• _Work instructions_:
Repeat what the lines below say, word for word, and skip every image.

• _Recorded data_:
______

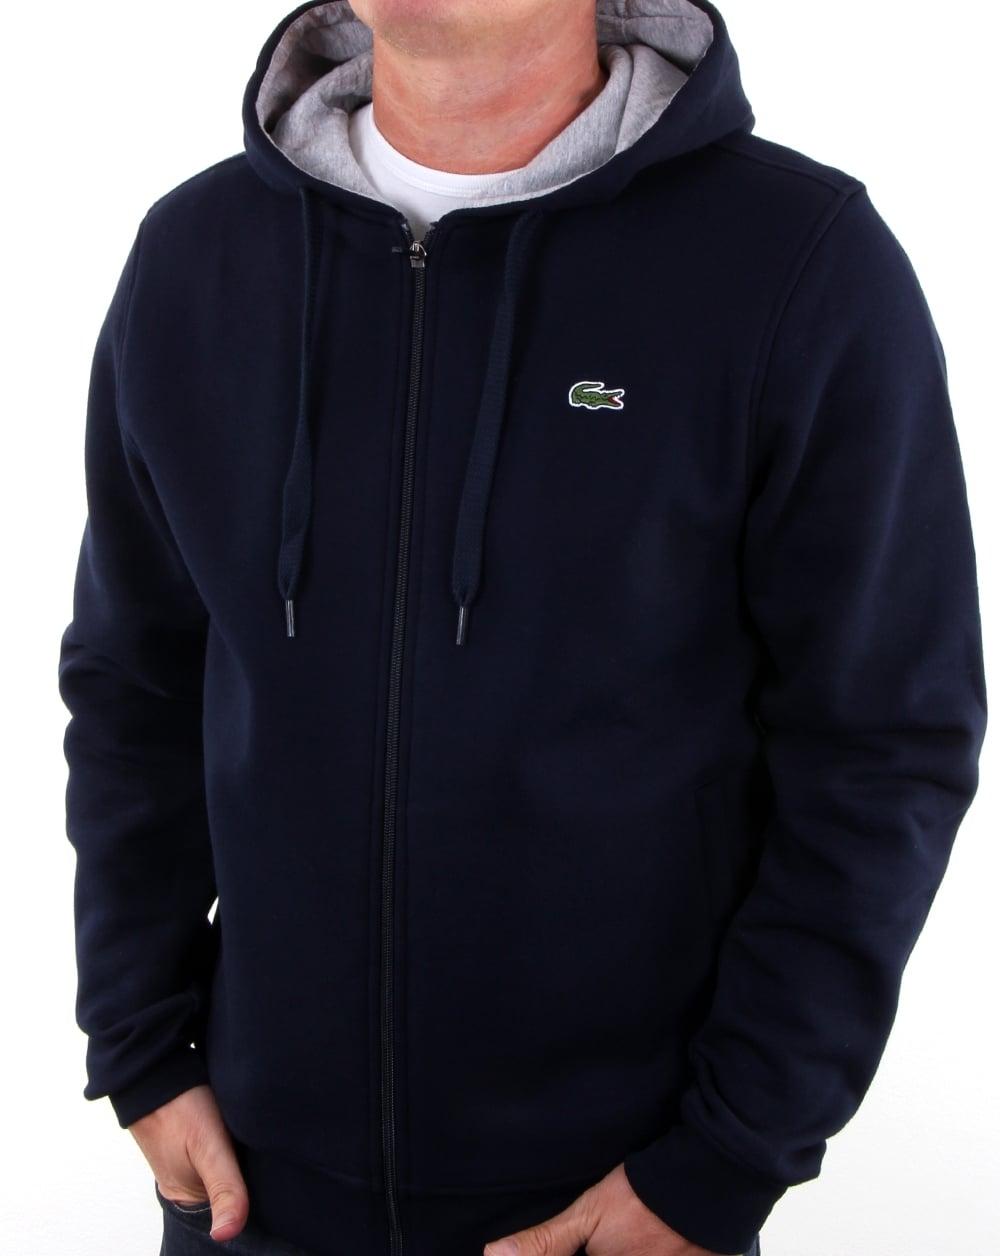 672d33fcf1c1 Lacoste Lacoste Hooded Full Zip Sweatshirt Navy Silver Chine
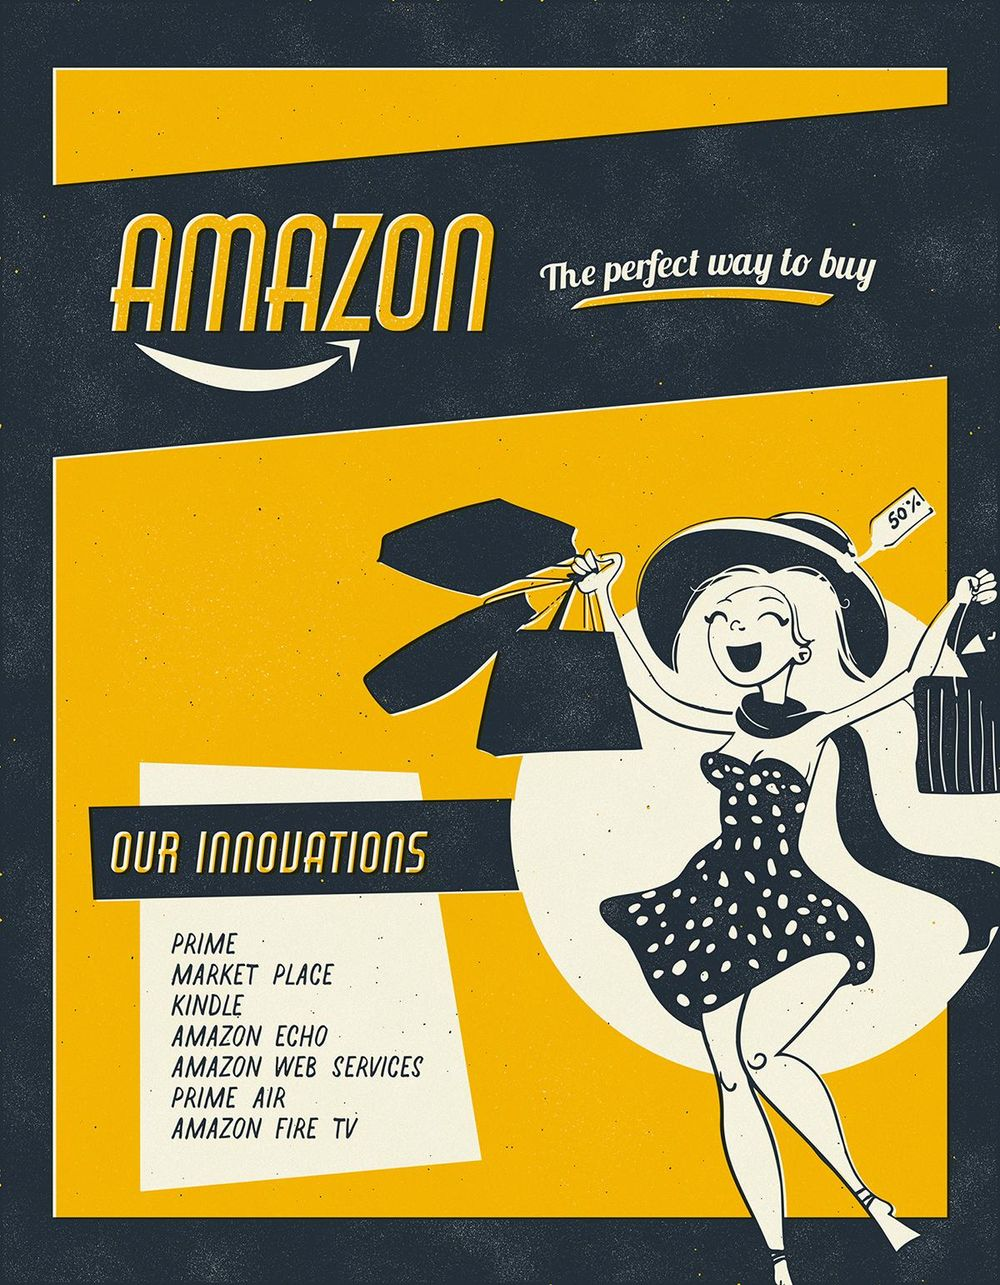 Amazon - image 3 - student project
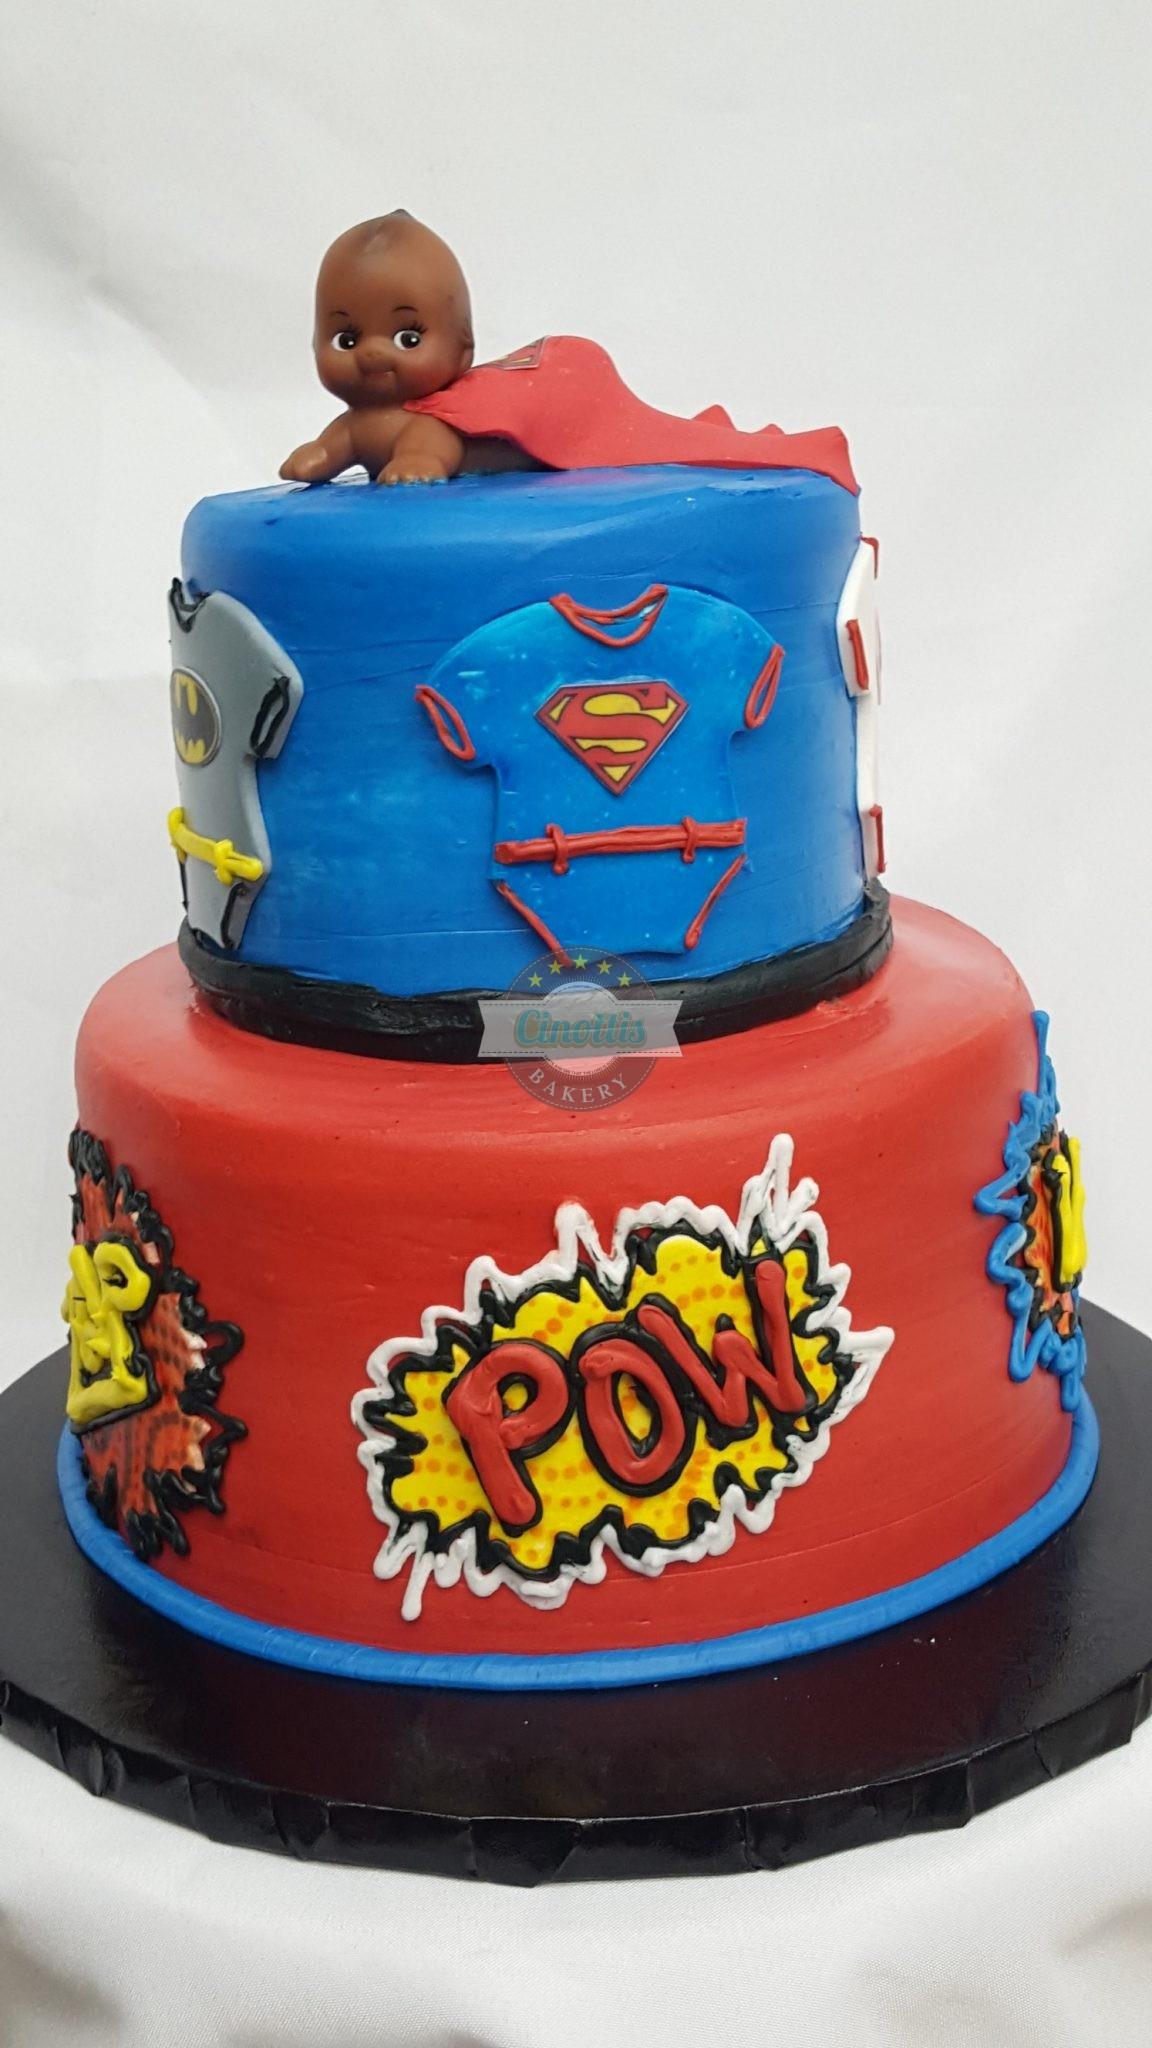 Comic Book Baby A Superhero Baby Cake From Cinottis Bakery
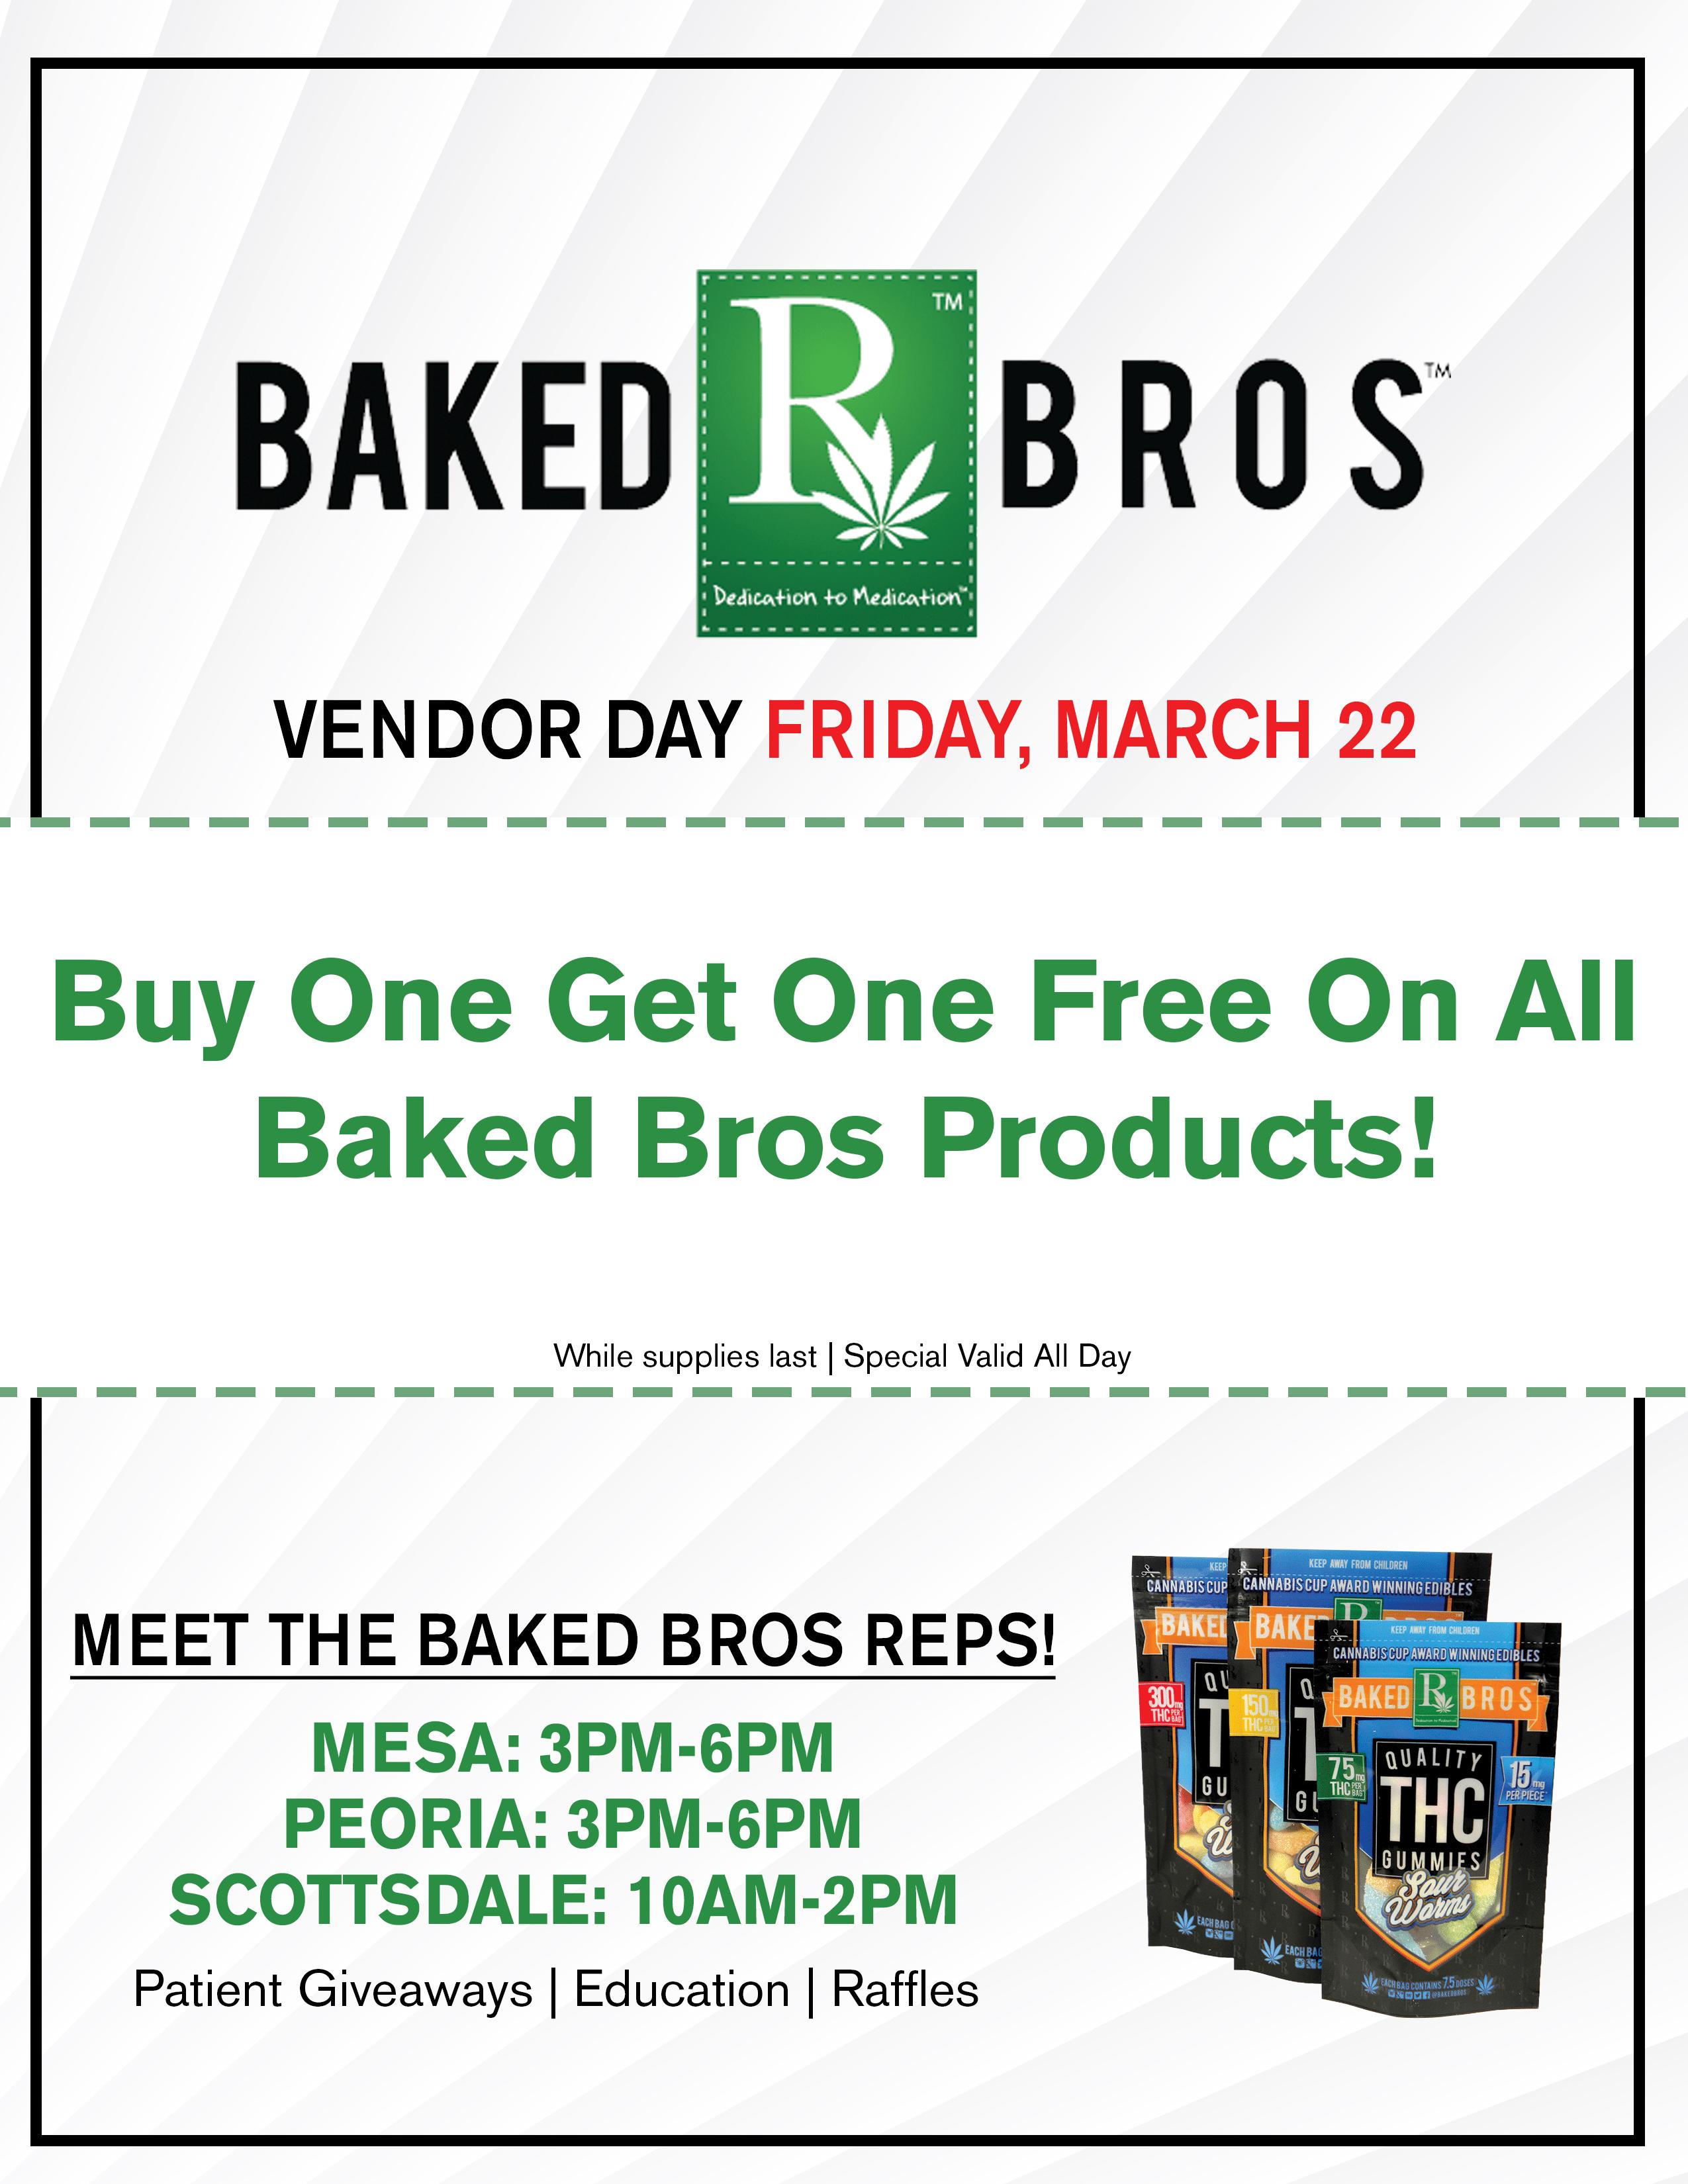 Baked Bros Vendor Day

______

• _Written response_:
 672d33fcf1c1 Lacoste Lacoste Hooded Full Zip Sweatshirt Navy Silver Chine
 Amazon - image 3 - student project
 Comic Book Baby A Superhero Baby Cake From Cinottis Bakery
 Baked Bros Vendor Day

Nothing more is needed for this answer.